With n(tp) established, γ is calculated viaeqn (1) to be 0.07 ± 0.02 J m−2 in Mode I and 1.5 ± 0.2 J m−2 in Mode II. These average values are then input into eqn (1) and (2) with the average E values, Ro scaling, and n scaling to plot continuous functions of σa–s(tp) and Ff–s(tp) in each Mode (Fig. 4). These γ values, which equate to surface energies of ∼0.033 J m−2 in Mode I and ∼0.75 J m−2 in Mode II, are in the range of intermolecular VDW forces for the separation of carbon layers that are proposed to be governing σa–s in this system.89–92 They are also consistent with previously reported surface energy values of graphitic C–C interfaces (i.e. CNTs, graphene, and graphite) in the range of 0.029–0.875 J m−2.66,89,91–96 Higher γ is attributed to carbon deposition in the array with a higher sp3 carbon character, exhibiting further interactions in addition to the ideal peeling of smooth, well-ordered sp2 graphitic surfaces with correspondingly lower surface energies.54,56,96 The calculated γ values also support experimental observations, as Raman spectroscopy analysis69,97–99 of the CNT base after array pull-off (see section S4 of the ESI) shows that the CNTs exhibit a well-ordered, sp2 graphitic wall structure in Mode I, and a more defective, turbostratic sp3 carbon structure in Mode II as carbon deposits on the outer CNT walls at long tp.100 Since the wafer surface (Fig.

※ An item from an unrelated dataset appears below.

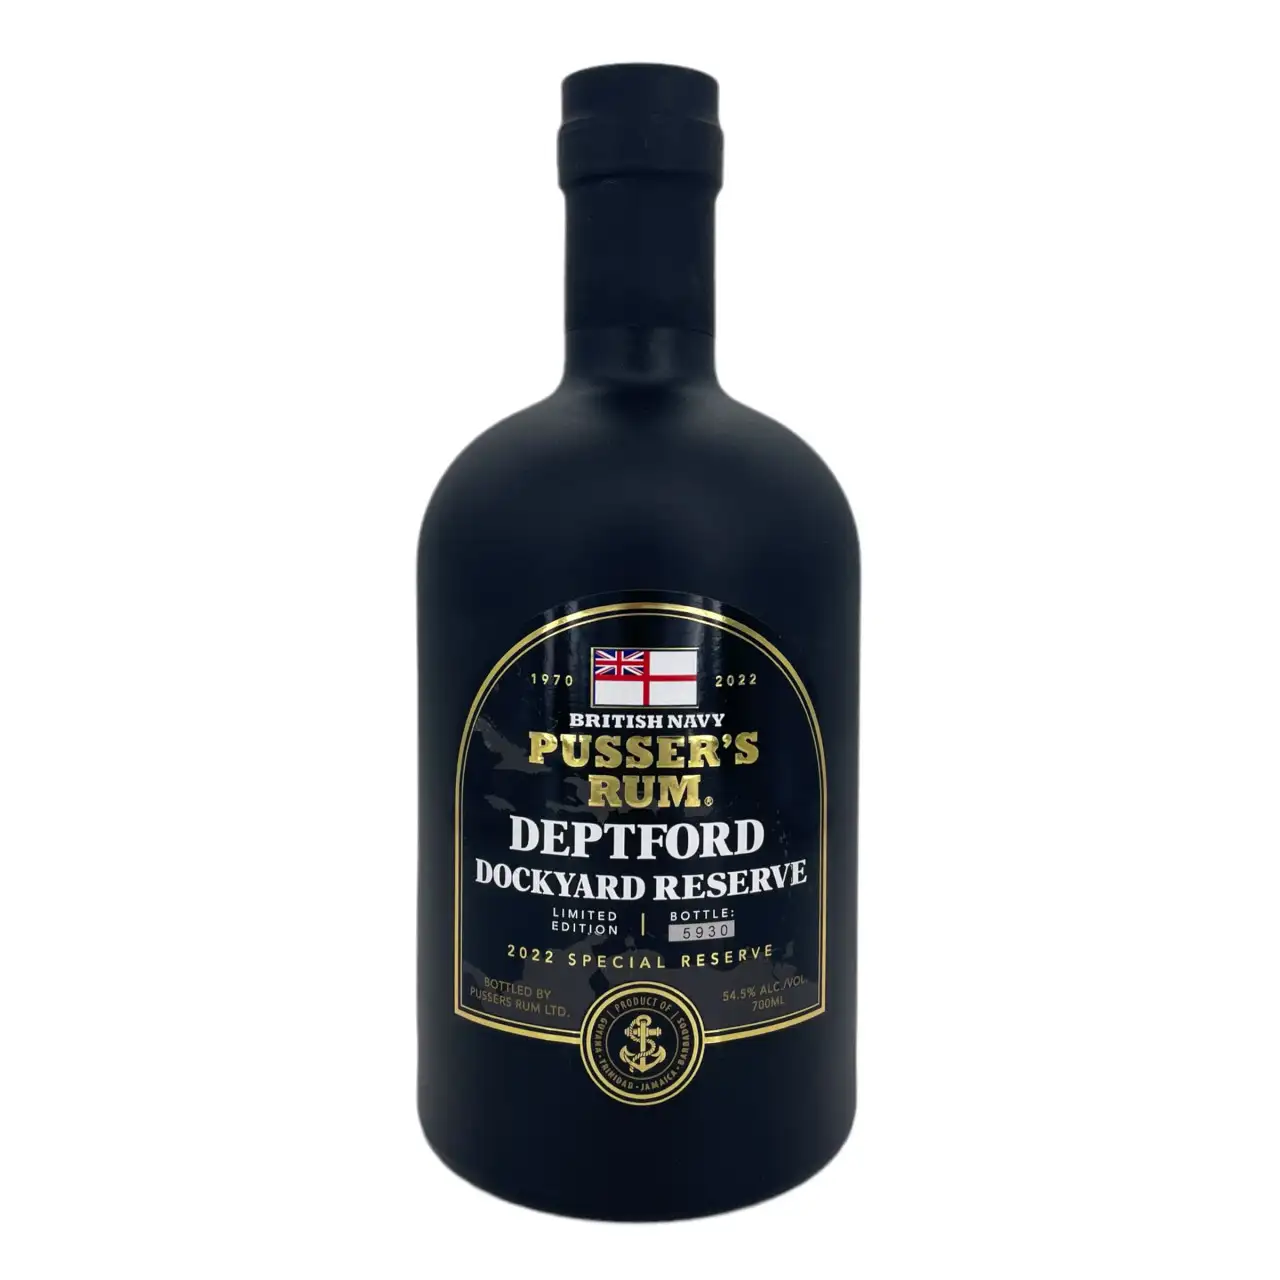 Image of the front of the bottle of the rum Deptford Dockyard Reserve

S4) is expected to have a broader distribution of carbon character as compared to the CNT roots (i.e. having carbon that encapsulates the activated catalysts, covers larger iron particles and the alumina surface, and comprises residual short CNTs),40,76,83 analysis of the CNT array roots after pull-off can provide more instructive characterization of the deposited carbon that gives rise to the adhesion evolution. Therefore, increases in σa–s in Mode II are likely attributed to higher Ro, E, and γ based on the sp2-to-sp3-dominated carbon evolution and deposition with tp,54,56,96 where significant changes in E and γ may be especially responsible for the rapid adhesion evolution following growth termination. In sum, the application of this adhesion model to our aligned CNT arrays shows that σa–s evolves non-monotonically with tp and increases by an order of magnitude after growth termination, which is attributed to n decay during growth and a subsequent order-of-magnitude increase in E and γ due to carbon deposition in Mode II.

Discussion

Mechanistic insights into CNT–substrate adhesion

The CNT–substrate adhesion model is used to predict γ, σa–s, and Ff–s, which corroborates experimental results of iron-free CNT roots and C–C layer separation during CNT array pull-off. Since γ for CNTs with VDW-dominated adhesion is approximately constant for CNTs with more than 3 walls,101 and γ is assumed to be higher in Mode II only due to the increased turbostratic/disordered carbon character, γ is kept constant throughout Mode I and Mode II to represent the VDW-dominated CNT–C layer interaction as the weakest interface governing CNT–substrate separation. This carbon layer may form during the cooling process due to carbon precipitation from the iron catalyst,81,102,103 and it may also increase in thickness after growth termination due to catalyst deactivation39,104,105 and deposition of additional carbon during Mode II. Furthermore, since the interaction energy between C–Fe is higher (yielding γ ∼ 1.84 J m−2 or greater)19,39,106,107 and this is inconsistent with our σa–s and γ calculations, it is proposed that the separated carbon layer at the CNT root remains on the Fe catalyst after CNT pull-off.108 Still higher are the Fe–alumina interaction energies19,82 as well as iron oxide109,110 and iron carbide,111,112 which would all yield γ > 2 J m−2, exceeding the γ values here of 0.07 and 1.5 J m−2 in Mode I and Mode II, respectively. Therefore, in contrast to previous work at short tp (on the order of seconds, where the Fe catalyst was observed to stay attached to the CNT roots during the tensile pull-off of a microscale CNT array),28 only the C–C interfaces are observed to separate in this system at moderate to long tp, yielding a maximum σa–s of ∼285 kPa after 80 min of processing. Based on these results, it is plausible that additional increases in σa–s may be obtained via extended carbon deposition at longer tp to further engineer the substrate adhesion strength of aligned NF arrays.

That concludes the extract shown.